In the 2000s she has appeared in the one-woman play My Brilliant Divorce at Downstage, and as Rhonda in the 2011 tele-movie Rage, set during the 1981 Springbok tour. She also played the role of a marriage celebrant in the 2009 New Zealand movie Separation City. In 2022, she appeared in an episode of season 3 of My Life Is Murder. Her daughter Kate McGill is also an actress. In 2024, she appeared in The Rule of Jenny Pen. In 2025 she appeared in the science fiction comedy series Warren's Vortex as Mrs Schrodinger.

=="Lyn of Tawa"==
McDonald's alter ego, "Lyn of Tawa", first appeared onstage as a result of a backstage encounter between McDonald and playwright Bruce Mason in the late 1960s, in which Mason heard McDonald experiment with various accents. McDonald subsequently created "Lyn of Tawa" and, together with Mason and Roger Hall, wrote a series of sketches featuring the character for the revue show Knickers. It was, however, after McDonald's return from London that Lyn really came to prominence, following her appearance at a celebrity roast for Judith Fyfe, which led to spots on variety shows, then one-off special and culminated in her own series.
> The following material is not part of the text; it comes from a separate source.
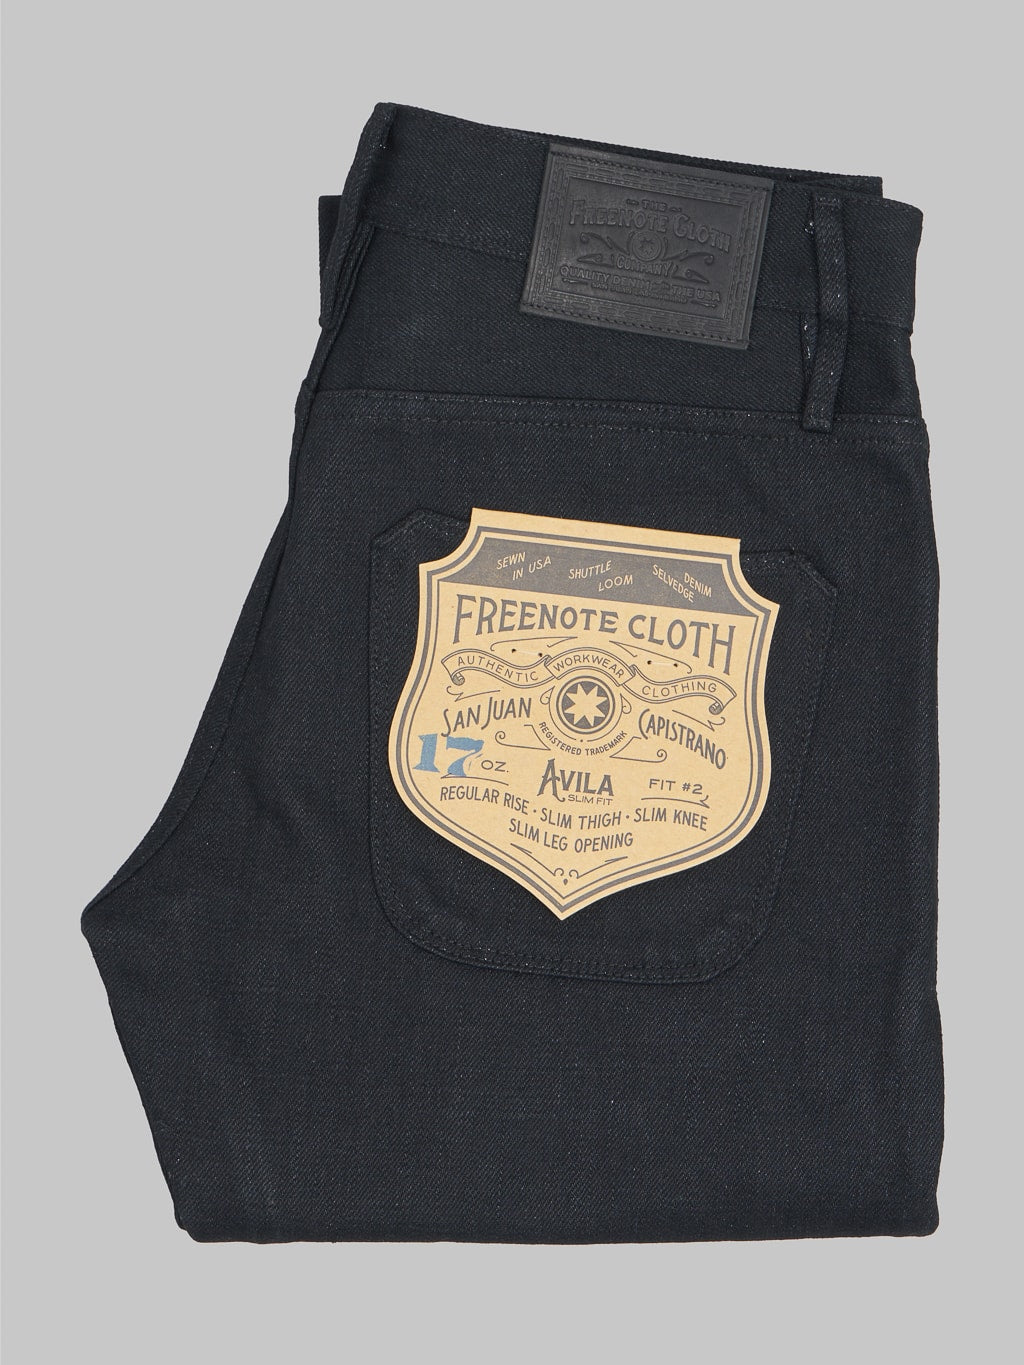 Freenote Cloth Avila 17oz Black Denim Slim Taper Jeans fabric

McDonald said in 2016 that she would "let go" of Lyn of Tawa to take on older roles.

==Career as producer and director==
McDonald made her debut as a television director and producer on the final series of Gliding On. She also directed episodes of Close to Home, Open House and Country GP. McDonald produced the award-winning kidult television series The Fire-Raiser, written by Maurice Gee, and was the creator and producer of the 1987 series Peppermint Twist. She also produced another series written by Maurice Gee, The Champion, in 1989. Other programmes produced by McDonald include the television adaptations of the 1997 play Nga Wahine by Riwia Brown, and Joyful and Triumphant by Robert Lord.

==Honours and awards==
In 1970 McDonald won the Hollywood Bowl radio award for best voice commercial. She was twice named best actress at the Feltex Awards, in 1980 and 1984, for her roles in Pioneer Women and It's Your Child, respectively. In 1989, she won the best drama and best children's programme trophies for The Fire-Raiser at the GOFTA awards, and also won an Australian Pater Award for producer of the best drama series for the same show. McDonald was a nominated finalist for Face Value – Her New Life at the Banff and New York Television Festivals.

In the 2007 Queen’s Birthday Honours, McDonald was appointed an Officer of the New Zealand Order of Merit, for services to entertainment.